Raw sequencing reads of the transcriptomes were pre-processed with quality trimmed by trimmomatic (version 0.33, with parameters ‘ILLUMINACLIP: TruSeq3-PE.fa:2:30:10 SLIDINGWINDOW:4:5 LEADING:5 TRAILING:5 MINLEN:25’)38. For the nuclear genomes, the genome sequences were cleaned and masked by Funannotate (v1.6.0, https://github.com/nextgenusfs/funannotate)39, the softmasked assembly were used to run ‘funannotate train’ with parameters ‘–stranded RF–max_intronlen 350,000’ to align RNA-seq data, ran Trinity, and then ran PASA40. The PASA gene models were used to train Augustus in ‘funannotate predict’ step following manufacturers recommended options for eukaryotic genomes (https://funannotate.readthedocs.io/en/latest/tutorials.html#non-fungal-genomes-higher-eukaryotes). Briefly, the gene models were predicted by funannotate predict with parameters ‘–repeats2evm–protein_evidence uniprot_sprot.fasta–genemark_mode ET–busco_seed_species arthropoda–optimize_augustus–busco_db arthropoda–organism other–max_intronlen 350000’, the gene models predicted by several prediction sources including GeneMark41, high-quality Augustus predictions (HiQ), PASA40, Augustus42, GlimmerHMM43 and snap44 were passed to Evidence Modeler40 (EVM Weights: {‘GeneMark’: 1, ‘HiQ’: 2, ‘pasa’: 6, ‘proteins’: 1, ‘Augustus’: 1, ‘GlimmerHMM’: 1, ‘snap’: 1, ‘transcripts’: 1}) and generated the final annotation files, and then used of PASA40 to update the EVM consensus predictions, added UTR annotations and models for alternatively spliced isoforms. The protein-coding genes which cannot hit to nr db by DIAMOND blastp (version v0.9.22.123)45 with e value 1e-5 were removed.
To process small RNA data, we removed small RNA sequencing raw reads with Phred quality score less than 20, and adaptor sequences were trimmed.
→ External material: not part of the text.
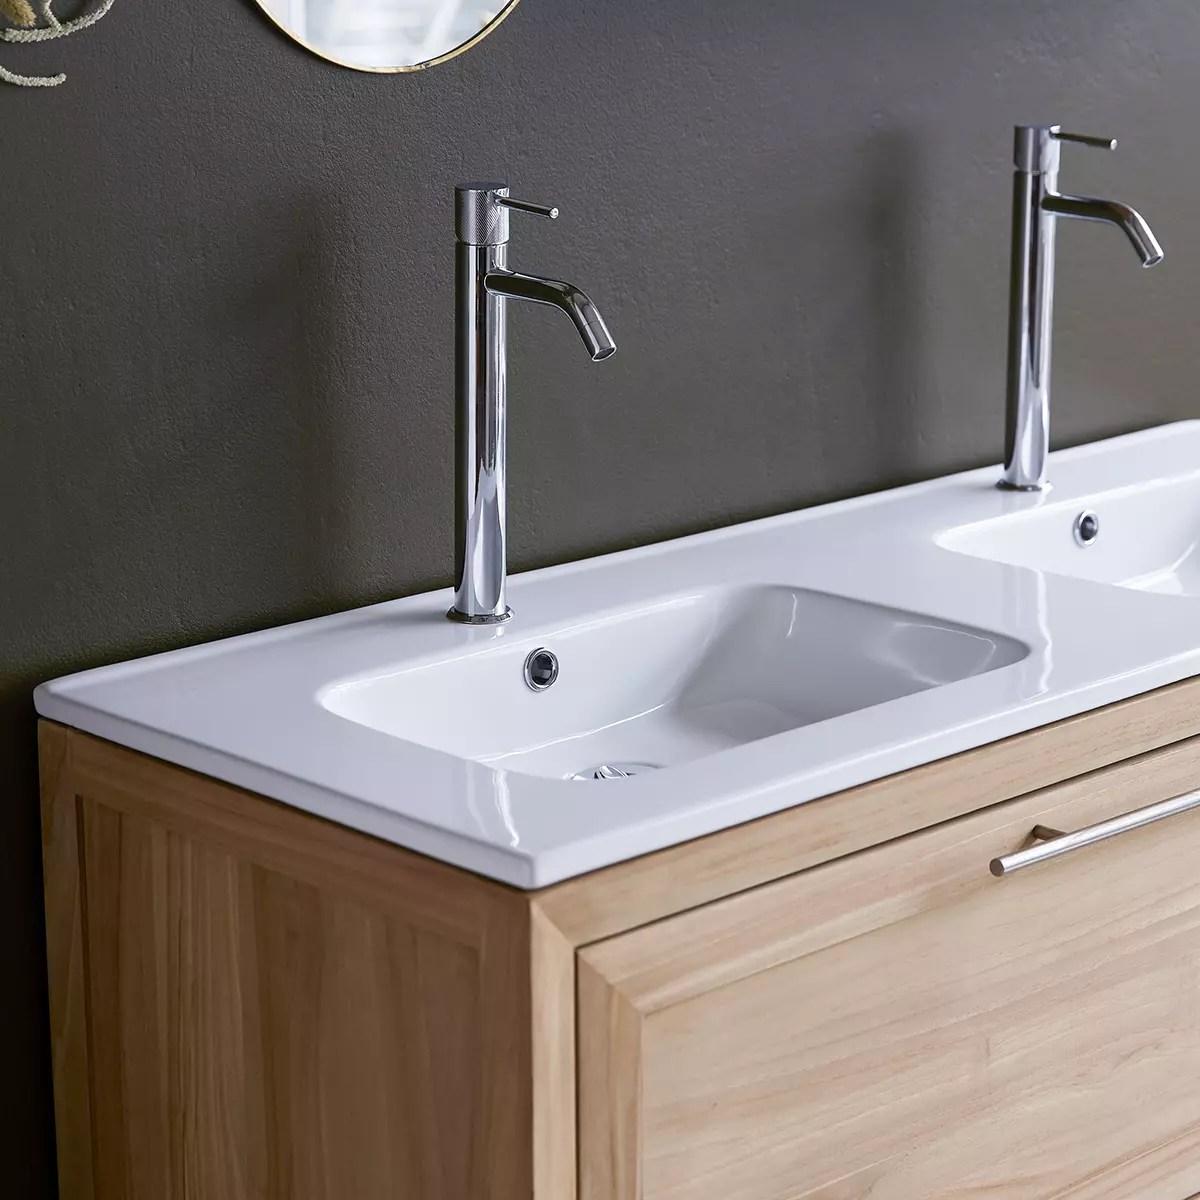 meuble salle de bain en teck massif et ceramique 120 wave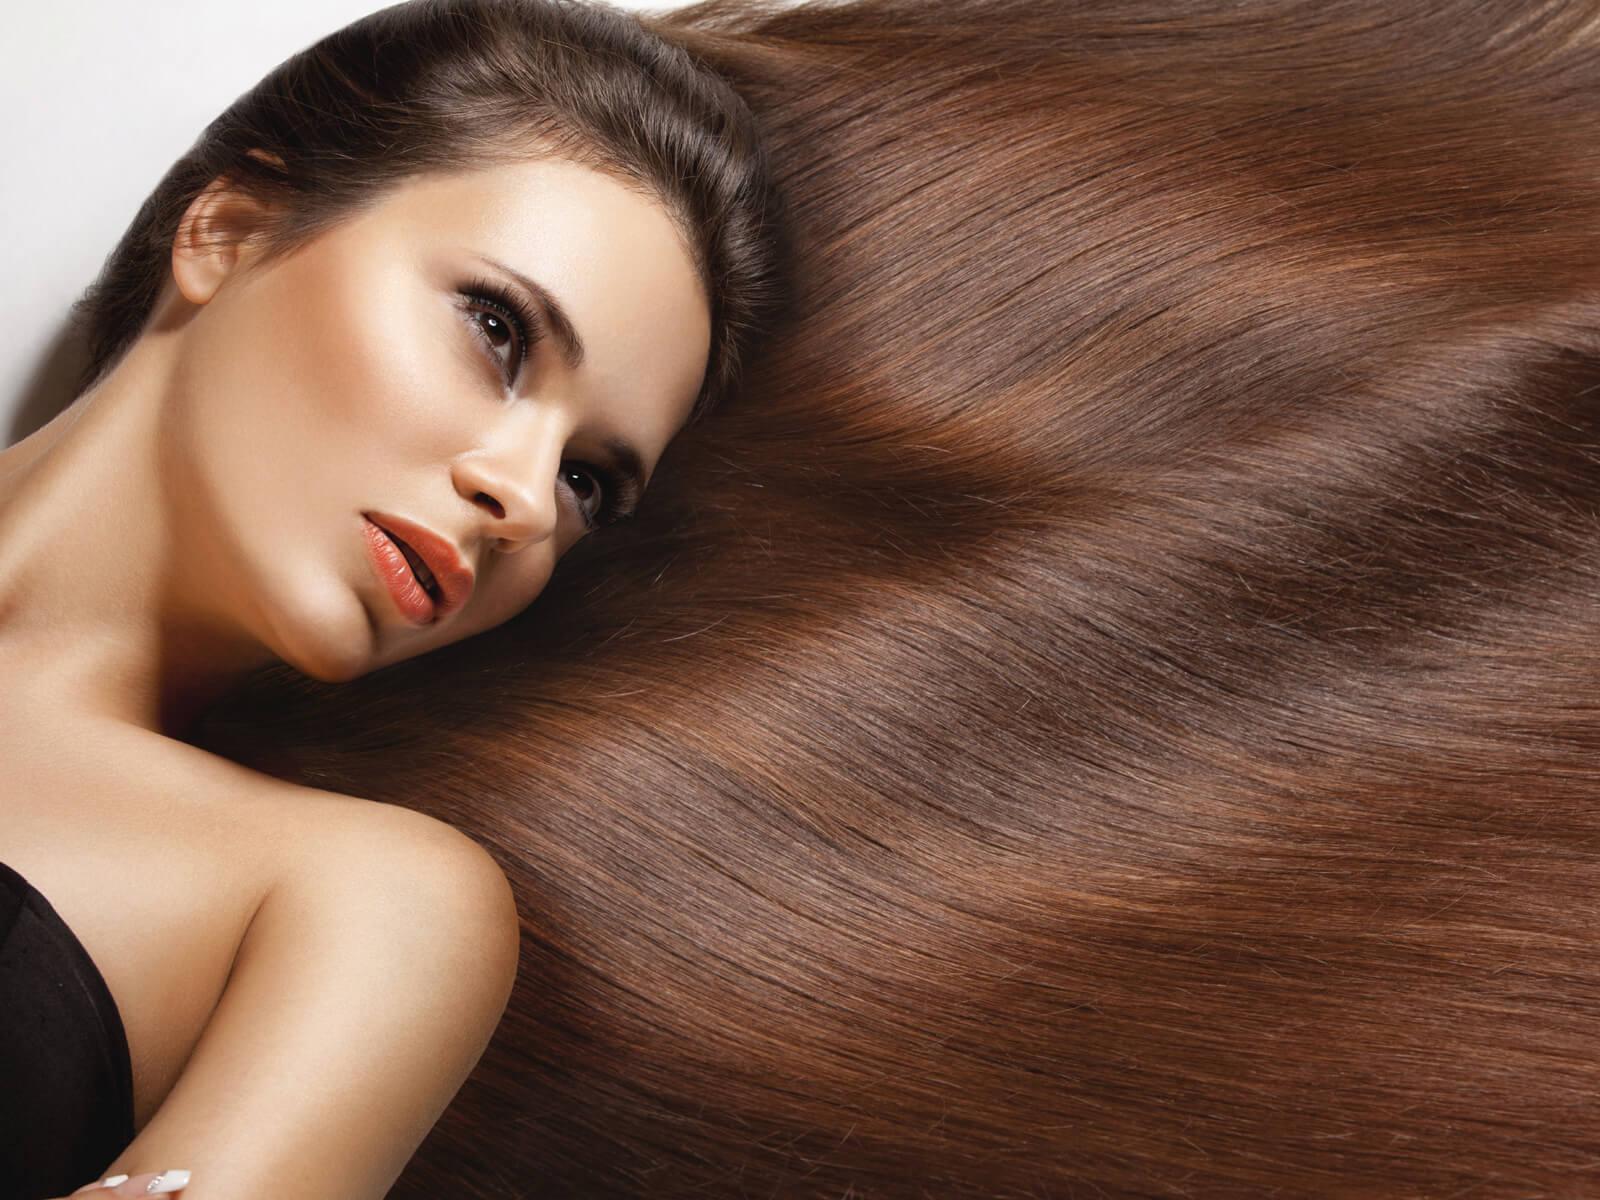 Волосы — википедия переиздание // wiki 2

Processed reads of length 18–27 bp were then mapped to their respective horseshoe crab genome and analysed using the mirDeep2 package46. To identify conserved microRNAs, the predicted horseshoe crab microRNA hairpins were compared against metazoan microRNA precursor sequences from miRBase28 using BLASTn (e value 0.01)47. Predicted microRNAs were manually examined. Novel microRNAs were defined only when they fulfilled the unique features of microRNAs (MirGeneDB 2.0 https://mirgenedb.org/information)29. In addition, the copy number of microRNA loci was examined by using microRNA hairpins confirmed above to BLAST against each horseshoe crab genome.
Annotation of repetitive elements
Repetitive elements were identified using an in-house pipeline. First, elements were identified using RepeatMasker ver. 4.0.848 with the Arthropoda RepBase49 repeat library. Low-complexity repeats were ignored (-nolow) and a sensitive (-s) search was performed. Following this, a de novo repeat library was constructed using RepeatModeler ver. 1.0.1150, including RECON ver. 1.0851 and RepeatScout ver. 1.0.552. Novel repeats identified by RepeatModeler were analysed with a ‘BLAST, Extract, Extend’ process to characterise elements along their entire length53. Consensus sequences and classification information for each repeat family were generated. The resulting de novo repeat library was utilised to identify repetitive elements using RepeatMasker. Repetitive element association with genomic features were determined using BedTools ver. 2.26.054. ‘Genic’ repetitive elements were defined as those overlapping loci annotated as genes ± 2 kb and identified using the BedTools window function. All plots were generated using Rstudio ver. 1.2.1335 with R ver. 3.5.155 and ggplot2 ver. 3.2.156.
Annotation of gene families and phylogenetic analyses
Potential gene family sequences were first retrieved from the two genomes using tBLASTn47. Identity of each putatively identified gene was then tested by comparison to sequences in the NCBI nr database using BLASTx. For homeobox gene retrieval, sequences were also analysed using the BLAST function in HomeoDB. For phylogenetic analyses of gene families, DNA sequences were translated into amino acid sequences and aligned to other members of the gene family; gapped sites were removed from alignments and phylogenetic trees were constructed using MEGA. Homeobox genes in the Limulus genome assembly (GCF_000517525) was obtained from previous study8.
Synteny analyses
Synteny blocks were computed using SyMAP v4.2 (Synteny Mapping and Analysis Program) with default parameters except Min Dots from 2 to 7 (Minimum number of anchors required to define a syntenic block = 2–7) and ‘mask_all_but_genes = 1’ to mask non-genic sequence57.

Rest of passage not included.